# 115 Optimax losing power



## naclh2oDave (Apr 8, 2008)

Well the boat had set up for a while while I was overseas and I finally ran it on Friday. After I charged the battery it started and ran strong all day. I took it out again on Saturday and it was sluggish, had trouble keeping idle without dying but I eventually got away from the ramp. I went through the no wake zone and opened her up but she only topped out at 29mph @ 4000rpm. Normally I get 45mph at 5500rpm but she just wouldn't do it. Since it ran perfect the day before I suspect that the problem is a safety preset by Mercury. I don't know what to check besides the oil which it had plenty. Has anyone had any similar issues with the Optimax?


----------



## DOUBLE "D" & LV (Oct 2, 2007)

Check for water in the fuel. Could also be you fuel pickup pump or a fouled plug or injector. I would not take it out until it is fixed.
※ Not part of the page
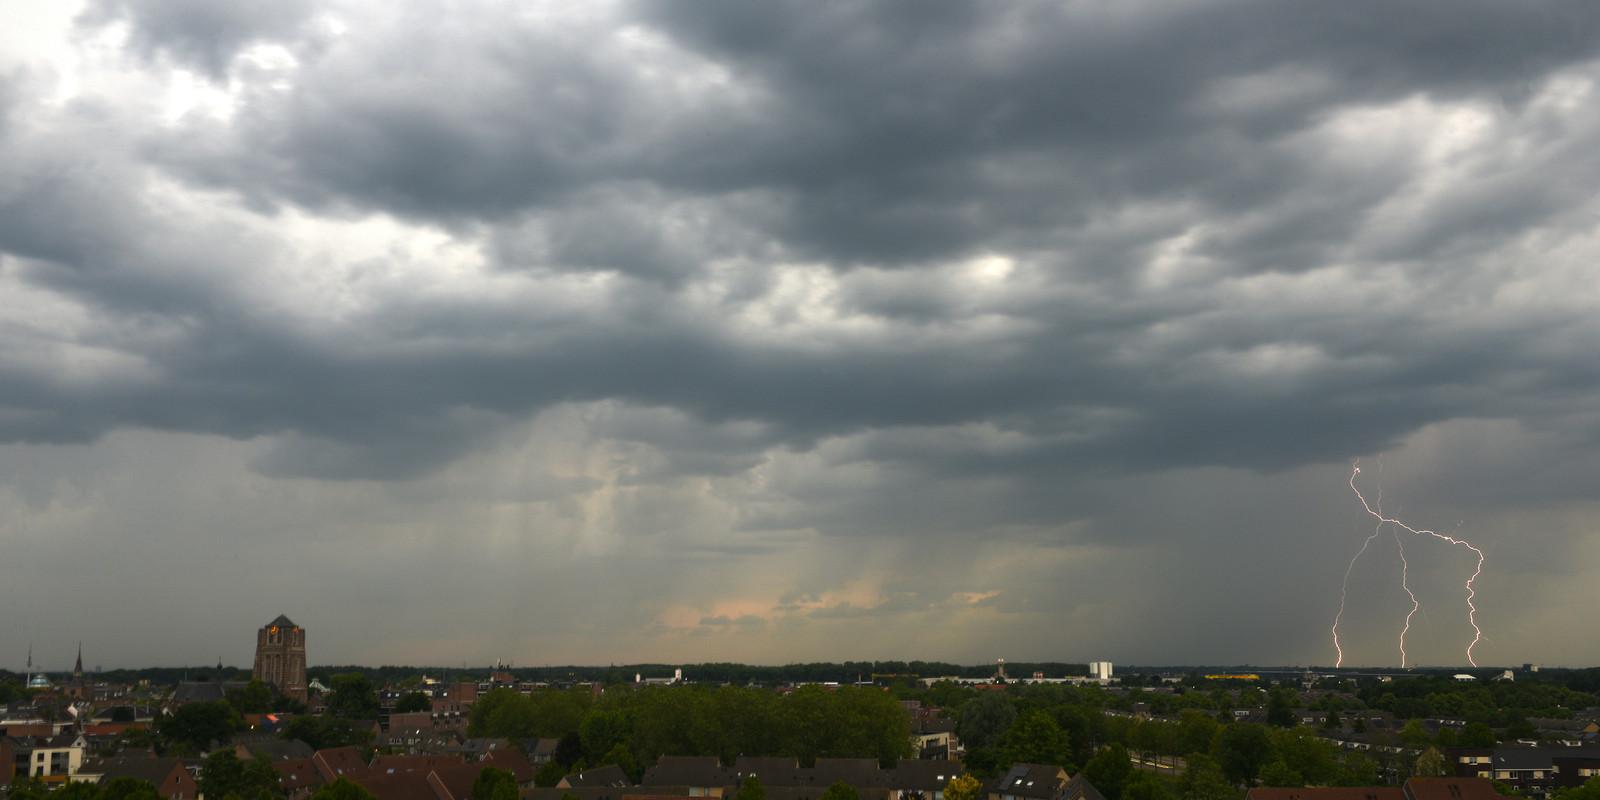 Onweer boven Oosterhout.

If you need someone to look at it, please keep us in mind.


----------



## Sequoiha (Sep 28, 2007)

Like David, more than likely fuel... These engines are very particular about fuel volume, check your fuel water seperator, and the fuel filter on the engine,,, if you cant take care of it, I can do it for you,,,,:usaflag


----------



## naclh2oDave (Apr 8, 2008)

Thanks for the help guys, looks like I'll spend the day doing some maintenance. I'll be calling if I can't figure it out.


----------



## naclh2oDave (Apr 8, 2008)

I went through the system and found no water ingress anywhere. I am going to do a tune up with all filters and spark plugs (had to order them, be in tomorrow) and will let you know how it turns out. Thanks.


----------



## duckhuntinsailor (Sep 28, 2007)

I would check your fuel before putting your new filter on. Check it by hand pumping some gas into a cake pan (that's what I used but don't let the wife know she got upset), then let it set and look for bubbles forming (water). Also,Optimax hates ethenol,it justdoesn't do right compare your gas to some fresh gas and see if it's colored differently. If you haven't you may want tomix in some fuel treatment (something like seafoam). Lastly you can disconnet the plugs (not the plug wire but the other wire) from coils one at a time to make sure each cylinder is firing if it is not firing there will be NO drop in RPM or audible change in the engine. Good luck, oh and if the fix isn't simple sell it and get a yamaha


----------



## DOUBLE "D" & LV (Oct 2, 2007)

Fuel quality is what comes to mind first. If you have one, hook up a seperate fuel supply and let it run. If you have a portable tank, then you can take it for a short test run on the water and tet that. You may have to remove the old fuel and refill. How long did it sit and was stabilizer added?


----------



## Sequoiha (Sep 28, 2007)

NO need to order plugs, we have them in stock...:usaflag


----------



## naclh2oDave (Apr 8, 2008)

Ok so I did everything I could and I feel that the fuel is not contaminated or old.YesI treated the fuel with STABIL and left it with a full tankwhile it sat up.I tested it for water,there were no signs of moisture and the color is good,then I replaced the water/fuel seperator, the fuel filter and the spark plugs. After all of that it did stop stalling and began to run solidly at idol. So I felt brave and took it for a test drive to see what the RPMs were doing. It ran fine at the ramp but when I opened it up she still wouldn't go above 4000 rpm or 30 mph. Normallly she purrs at 5100 rpm while cruising about 40. Its pretty frustrating but I'm afraid I'll have to take it to a mechanic if I plan on fishing anytime soom.


----------



## metal11 (Oct 7, 2007)

I would have went with fuel at first but now that you have done all that work I would say you have lost a cylinder or two. I would check for spark on all cylinders and then do a compression check. Get a fuel pressure gage and attach it to the top of the fuel rail and see what you have there also.


----------



## DOUBLE "D" & LV (Oct 2, 2007)

pm sent.


----------



## The Maintenance Shoppe (Nov 5, 2007)

MERCURY outboard + long storage = #1 bad fuel pump, #2 dirty carbs.


----------



## truklodyte (Oct 18, 2008)

After sitting for a while I had carbs rebuilt and had fuel pump rebuilt and added electric back up.


----------



## naclh2oDave (Apr 8, 2008)

Yep I already had to have one fuel pump replaced, last summer. It is a DFI, so luckily no carbs. I did everything I could on my own and from everyones help I narrowed it down to one of the coils. Since it is a dealer item and the boat is under warranty I took it to a Mercury certified repair shop to have warranty work done. I'd like to thank everyone for the assistance and free advice. Thanks PFF.


----------